(Recorded information Opens)

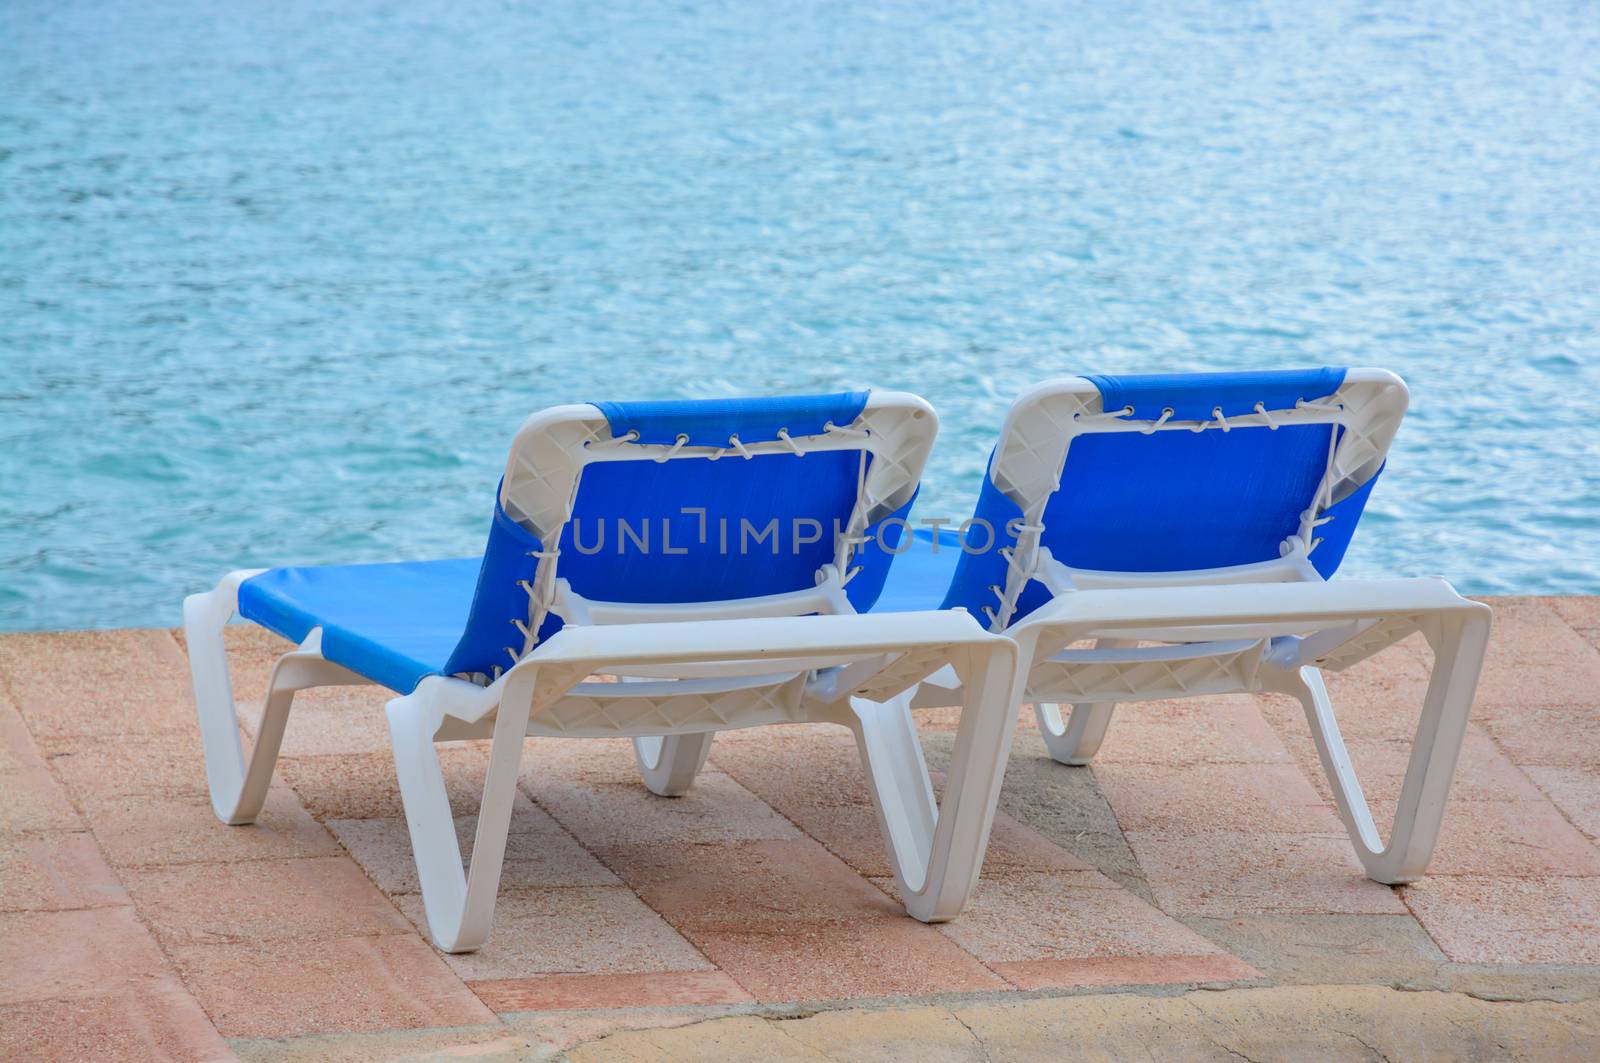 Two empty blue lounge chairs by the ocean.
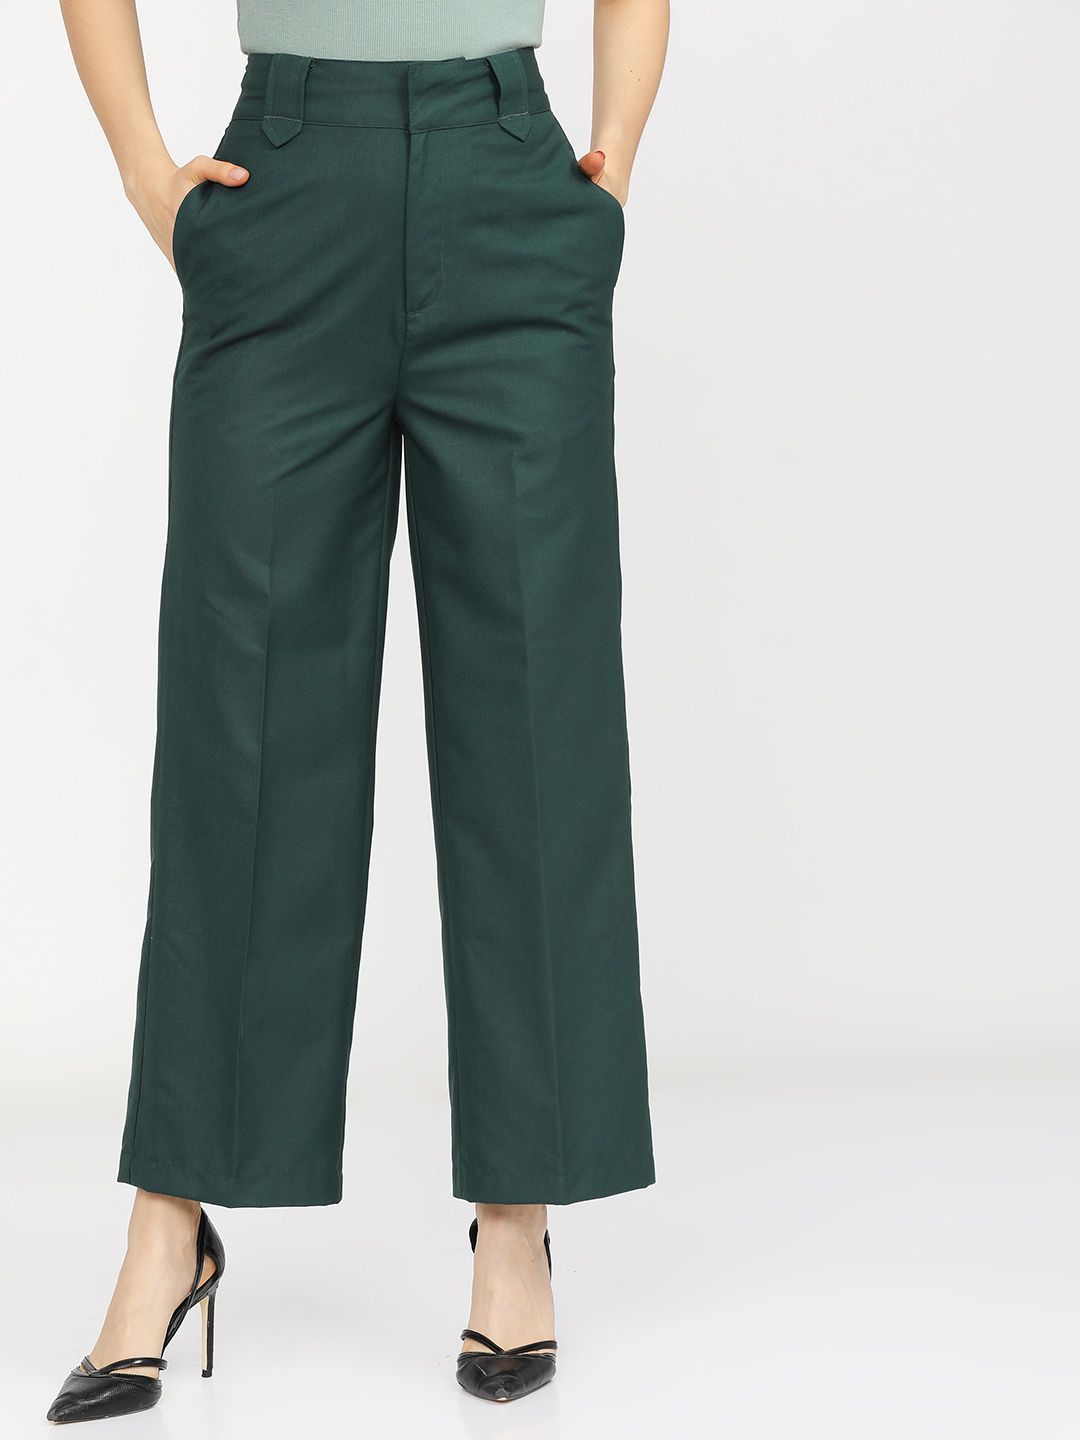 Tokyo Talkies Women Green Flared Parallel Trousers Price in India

(Recorded information Closes)
(Recorded information Opens)

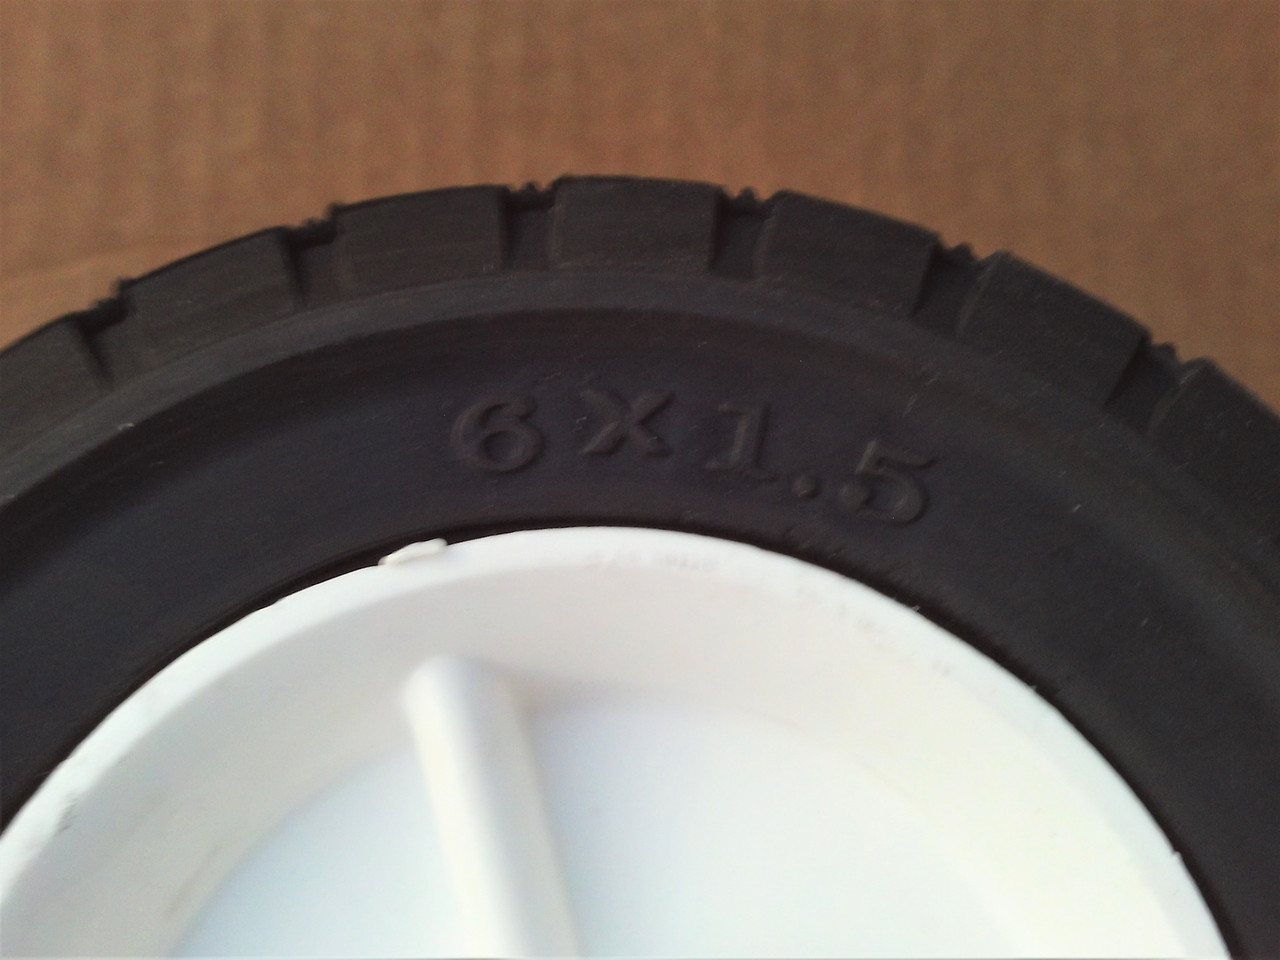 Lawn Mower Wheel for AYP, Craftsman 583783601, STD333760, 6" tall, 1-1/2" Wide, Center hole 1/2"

(Recorded information Closes)

■ **Assigned task**:
Go to the line above that has "Two empty blue lounge chairs by the ocean." and copy exactly from there down to the line that has "Tokyo Talkies Women", both included. Leave the pictures out.

■ **Your response**:
 Two empty blue lounge chairs by the ocean.
 Tokyo Talkies Women Green Flared Parallel Trousers Price in India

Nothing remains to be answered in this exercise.